= Beginning of Section =

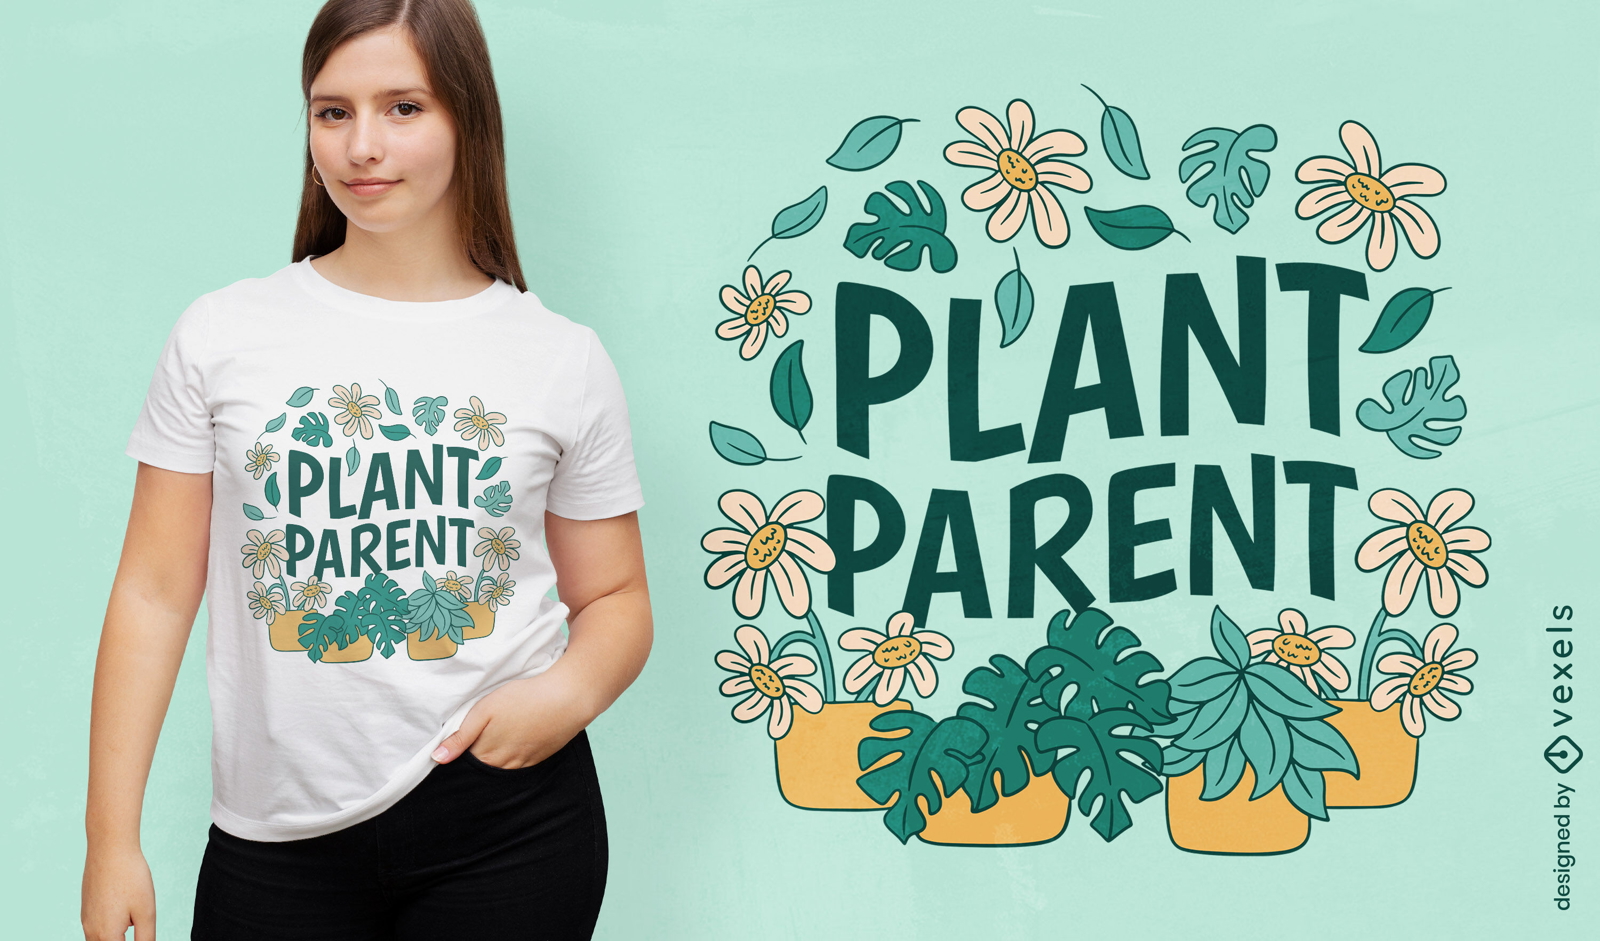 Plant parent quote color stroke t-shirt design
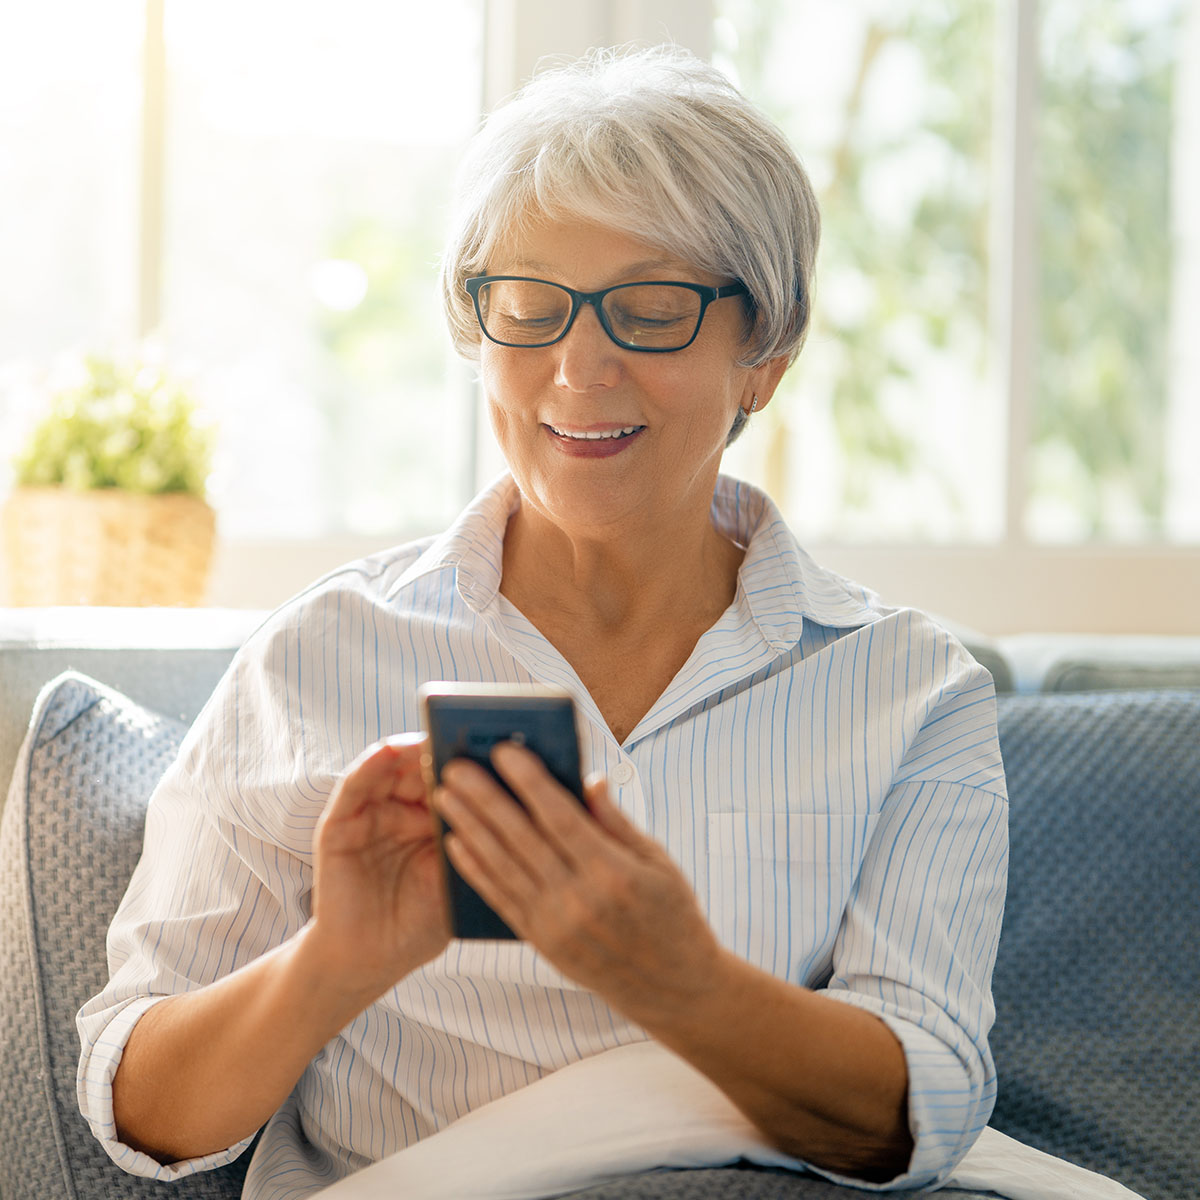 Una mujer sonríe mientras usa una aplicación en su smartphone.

= End of Section =
= Beginning of Section =

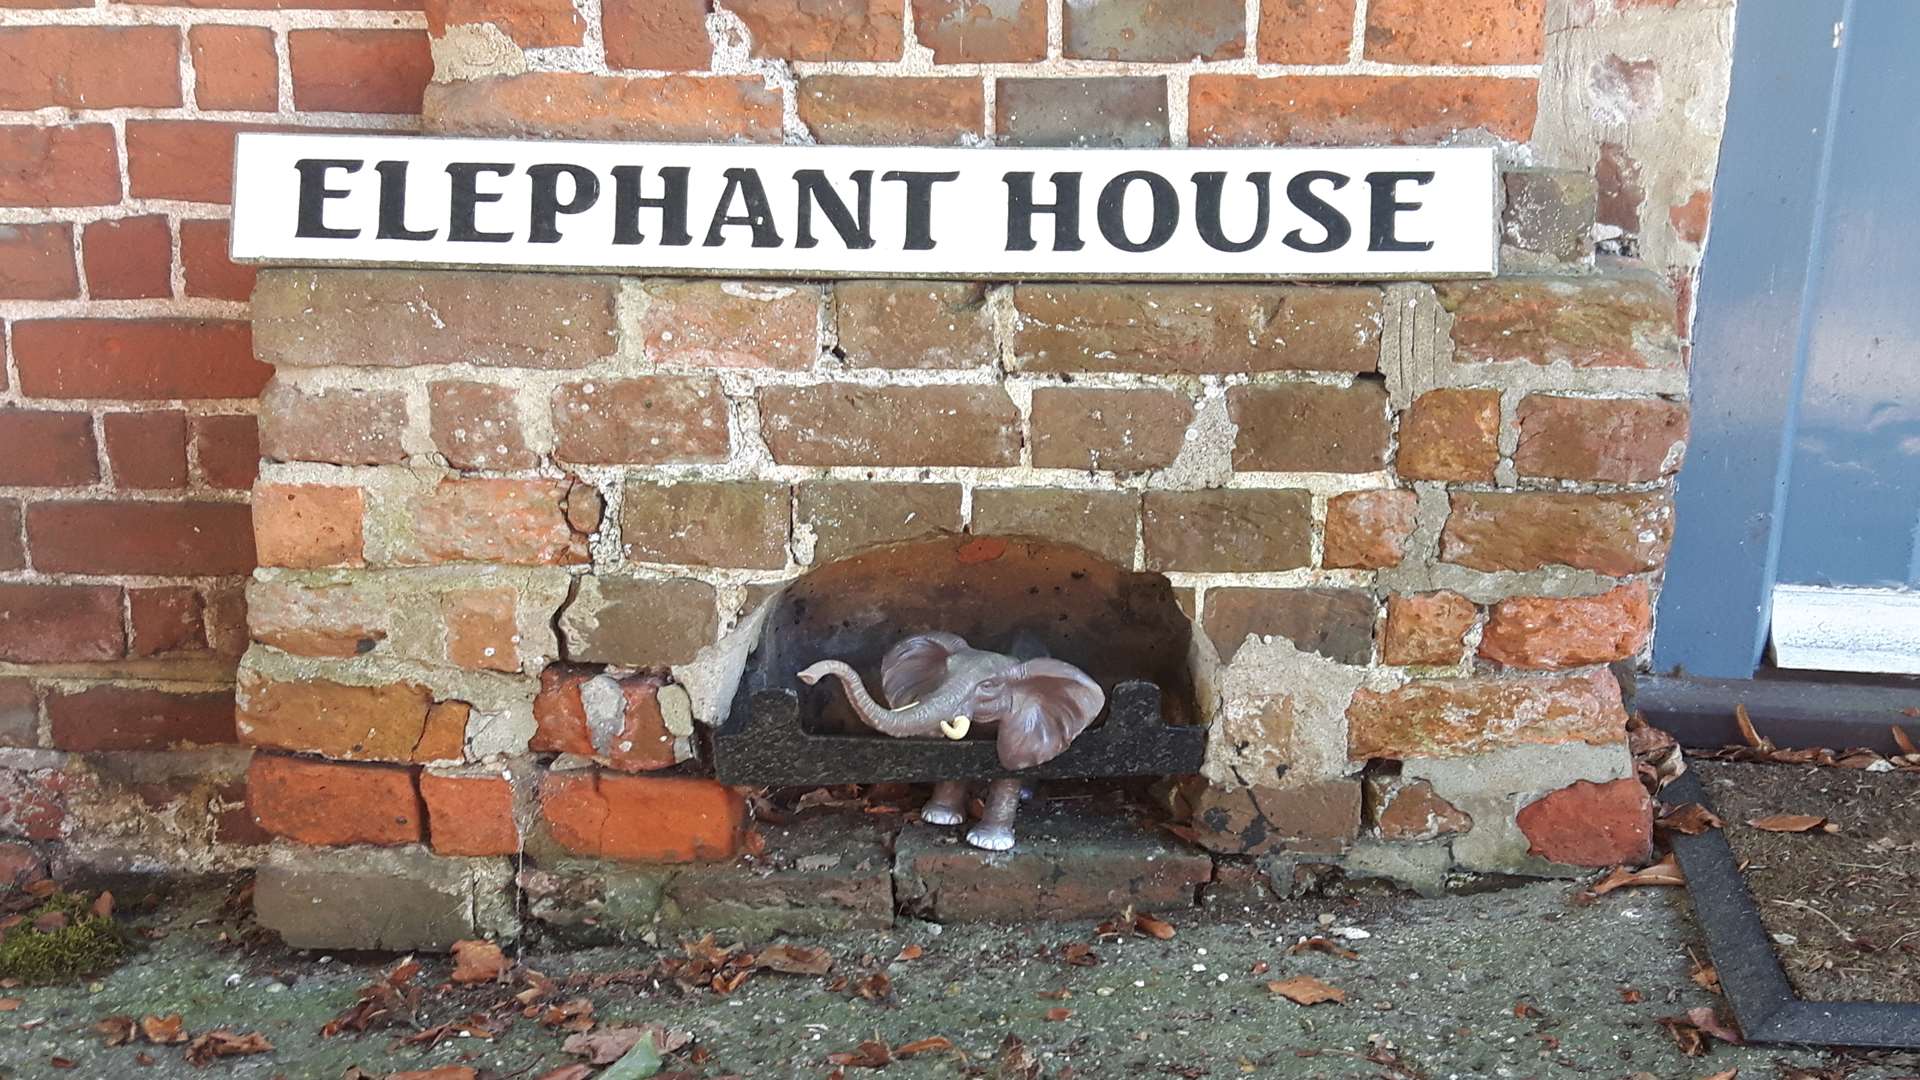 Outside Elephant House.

= End of Section =

◆ **WORK TASK**
The lines above starting at the one that holds "Plant parent quote" and ending at the one that holds "Una mujer sonríe" are to be written out exactly, ends included, and no pictures are to be copied.

◆ **RESULT OF THIS TASK**
 Plant parent quote color stroke t-shirt design
 Una mujer sonríe mientras usa una aplicación en su smartphone.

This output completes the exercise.